Understanding Schedule 13E-4: Definition, Implications, and Case Studies

Last updated 03/12/2024 by

Abi Bus

Edited by

Fact checked by

Summary:
Schedule 13E-4, a form filed with the Securities and Exchange Commission (SEC) by public companies during tender offers for their own securities, imposed additional requirements on the issuer. This article explores the purpose of Schedule 13E-4, its replacement by Schedule TO-I in 2000, and examples of self-tender offers made by companies like Herbalife and AbbVie.

What is schedule 13E-4? example & how it’s used

Schedule 13E-4, a term associated with the Securities Exchange Act of 1934, referred to a form that public companies were obligated to file with the Securities and Exchange Commission (SEC) when conducting tender offers for their own securities. This form, known as an issuer tender offer statement, imposed additional requirements on the issuer compared to regular tender offers. Schedule 13E-4 was replaced by Schedule TO-I in January 2000.

Understanding schedule 13E-4

A tender offer occurs during public takeover bids of public companies, where a potential acquirer publicly states its intention to purchase some or all of the target company’s shareholders’ stock. Self-tender offers are similar but involve companies repurchasing their own stock, commonly to thwart hostile takeover attempts.
Public companies making tender or self-tender offers are mandated to report their intentions by filing forms with the SEC. Schedule 13E-4 specifically pertained to self-tender offers, requiring companies to disclose various information to prevent deception or fraud.

Example of self-tender offer

For instance, Herbalife filed Schedule TO-I in April 2018, announcing its intention to repurchase up to $600 million worth of its common shares at $98 to $108 per share. This caused an increase in the company’s share price. Similarly, AbbVie announced in May 2018 its plan to repurchase up to $7.5 billion of its common stock at prices ranging from $99 to $114 per share.
WEIGH THE RISKS AND BENEFITS
Here is a list of the benefits and drawbacks to consider.
Pros
  • Disclosure of important information
  • Prevention of deception and fraud
Cons
  • Requirement for additional paperwork and compliance
  • Obsolete status, replaced by Schedule TO-I

Frequently asked questions

What is the difference between schedule 13E-4 and schedule TO-I?

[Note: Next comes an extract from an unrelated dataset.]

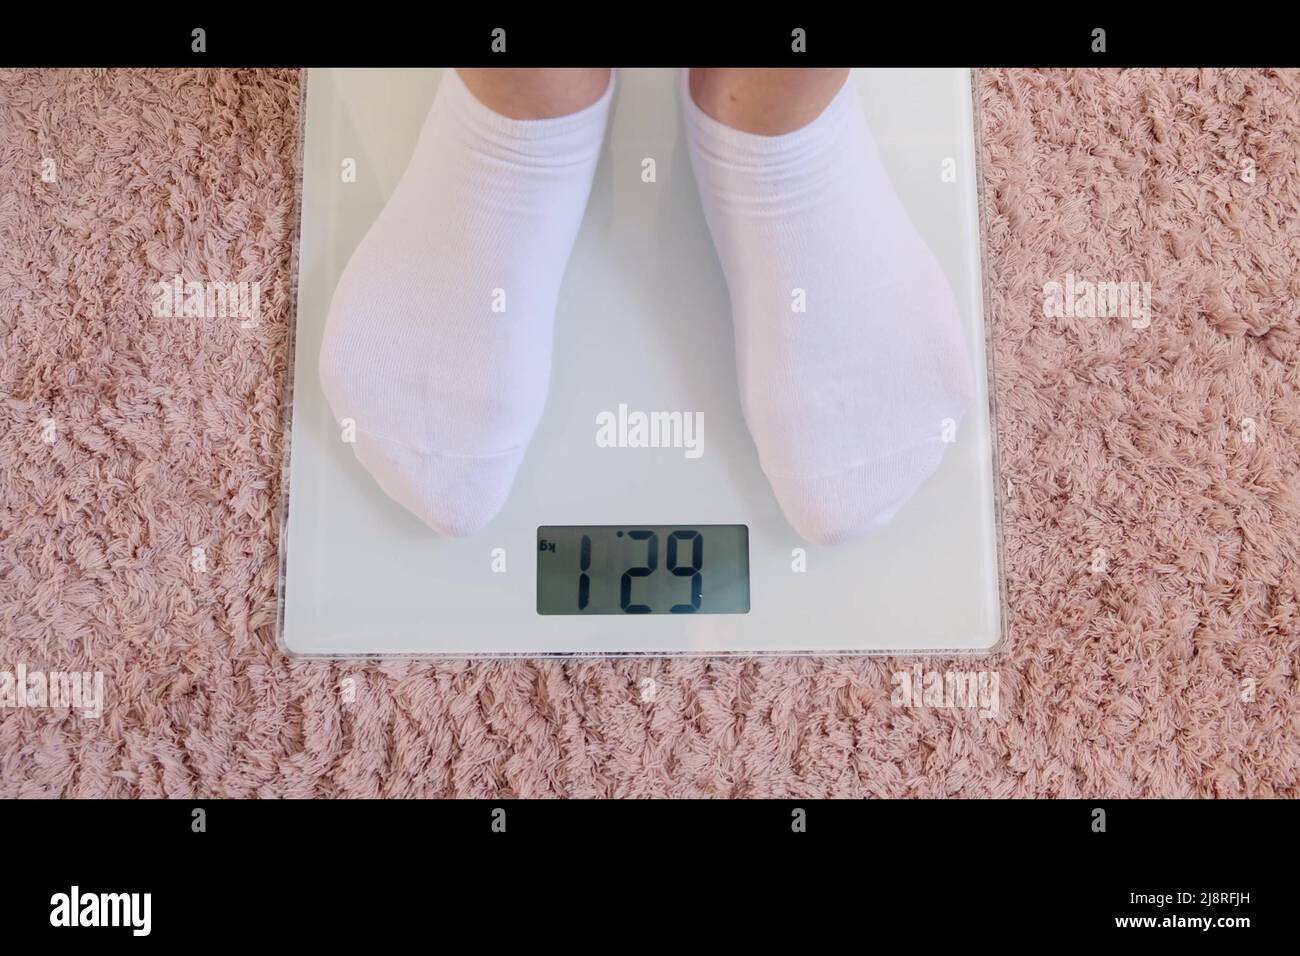 Frauenbeine in weißen Socken stehen auf einer digitalen Waage, um das  Gewicht auf dem Boden im Zimmer zu überprüfen. Schuppen auf rosa Teppich.  Nahaufnahme Stockfotografie - Alamy

Schedule TO-I replaced Schedule 13E-4 in January 2000. While both forms are used for disclosing tender offers, Schedule TO-I introduces an introductory statement about the issuer’s financial condition and its role in the decision to conduct a self-tender offer. This addition enhances transparency and provides additional insights into the issuer’s motivations.

Are self-tender offers common?

Yes, self-tender offers are relatively common, especially in situations where companies seek to repurchase their own shares as a defensive measure against hostile takeovers. By becoming its own majority shareholder, a target company can effectively fend off hostile takeover attempts.

What information is required in schedule 13E-4?

Schedule 13E-4 mandated disclosure of various details related to the tender offer, including the subject company’s name, transaction value, filing fee amount, background of the filer, transaction terms, and fund sourcing information.

How do self-tender offers benefit shareholders?

Self-tender offers can benefit shareholders in several ways. Firstly, they provide an opportunity for shareholders to sell their shares at a premium above the prevailing market price. Secondly, they allow shareholders to participate in the company’s decision to repurchase its own stock, potentially signaling confidence in the company’s future prospects. Lastly, by reducing the number of outstanding shares, self-tender offers can increase earnings per share for remaining shareholders.

What are the regulatory implications of schedule TO-I?

Schedule TO-I maintains rigorous disclosure requirements similar to Schedule 13E-4 but adds an introductory statement about the issuer’s financial condition. This addition aims to provide shareholders and regulators with additional context regarding the company’s decision to conduct a self-tender offer. Failure to comply with the disclosure requirements of Schedule TO-I can result in regulatory sanctions and legal consequences for the company and its executives.

Key takeaways

  • Schedule 13E-4 was a form filed by public companies during tender offers for their own securities.
  • It imposed additional requirements on the issuer compared to regular tender offers.
  • Self-tender offers are commonly made to repurchase a company’s own stock, often to thwart hostile takeover attempts.
  • Schedule 13E-4 was replaced by Schedule TO-I in January 2000, which requires similar information with additional introductory statements.